We have "supported" a Christian radio station for over 15 years. We started out doing it, not for advertising, but for no other reason than supporting the mission of the station. A large part of our business is selling shirts at onsite special events. After about 4-5 years, we started hearing people say "aren't you the people we heard about on the radio?" The branding, word of mouth that it has helped create has been amazing. It has paid for itself several times over. This is probably atypical, but it has actually been our most effective form of paid advertising for our 26 year old business.


----------



## ryan barker (Jul 21, 2011)

i think you're probably right, ryan, that's atypical. i'd venture to say that your radio spots work in conjunction with your event sales. so, i guess the question is how much of your sales are derived directly from your radio spots? do you think your event sales would suffer at all if you didn't do the radio ads? do you think that by virtue of advertising on a christian radio station has a higher chance of adding to your business than if someone advertised on a pop rock or oldies station? by that i mean, do you think your demographic is more prone to 'hearing the message' than other demographics? 

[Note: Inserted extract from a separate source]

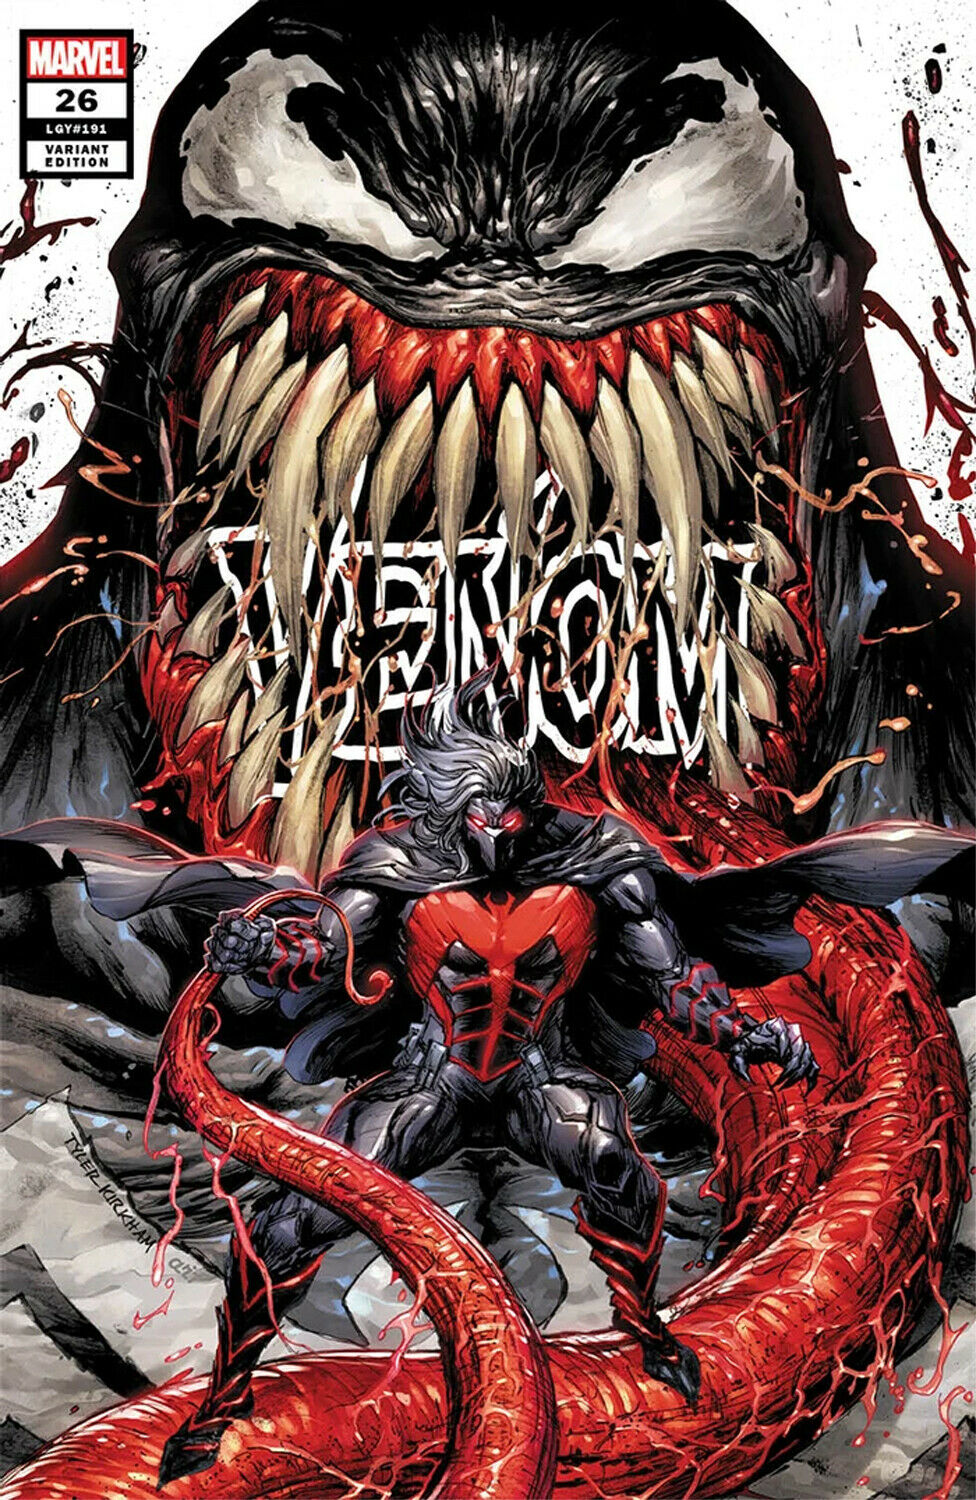 Venom #26 Trade Dress Cover D Variant by Tyler Kirkham 7.21.20

i think that if you offered a screen printing service, then a radio ad might really work. but, to advertise a brand, particularly one that doesn't do on-site sales at events, i'm not seeing how it's going to be more effective than online advertising.


----------



## rtosh (Sep 9, 2009)

I can safely say that we have gained accounts worth a conservative estimate of $30k per year based upon our radio. These are accounts that I don't believe we would have without having run those spots. I do believe the "Christian" market is different in that many ( not all ) like the feeling of doing business with like-minded people. I don't think you get this as much with the secular market. We have done radio spots on sports radio and frankly, the results were mixed. Now that I've given it some thought, our situation is probably too atypical to be of much value, other than the fact that we found a niche within the radio market, stuck with it long-term, and have benefitted greatly from it. It can be done, but not sure there is a road map to success anywhere in our experience


----------



## ryan barker (Jul 21, 2011)

fair enough.  if you didn't know any better, would you put those dollars in online advertising if you started today?


----------



## rtosh (Sep 9, 2009)

Funny you should ask that. We met with our web developer a few days ago and are mulling over what we want to do in the way of SEO and how much we want to invest in it, pay-per-click stuff. I don't think we would invest dollar for dollar into online advertising as opposed to what we have invested in radio at this point, but online didn't exist when we started our radio support. We don't have much of an online presence currently, but we are looking to change that and the way we spend our marketing money will obviously have to change. This year, we are going to mix online / email and direct mailing with our existing radio and sponsorships that we do yearly and see how it goes.


----------



## GilnAtlanta (Oct 23, 2012)

Hey Ryan,
Thanks for your candor is sharing why you supported a Christian radio station. I am working with a local radio station here in North Georgia that is listener-supported and dependent upon sponsors and underwriters. We have many who underwrite our daily broadcasts and say, for the most part, they are blessed in their business as a result of honoring "the Lord's work." As long as you remain faithful to support the local Christian radio as you have done, God will not let you down. Keep pushing the plow!


----------



## Topdigitizing (Sep 12, 2012)

I believe it will be used for many of business field. And now we are using the media community to promot.


----------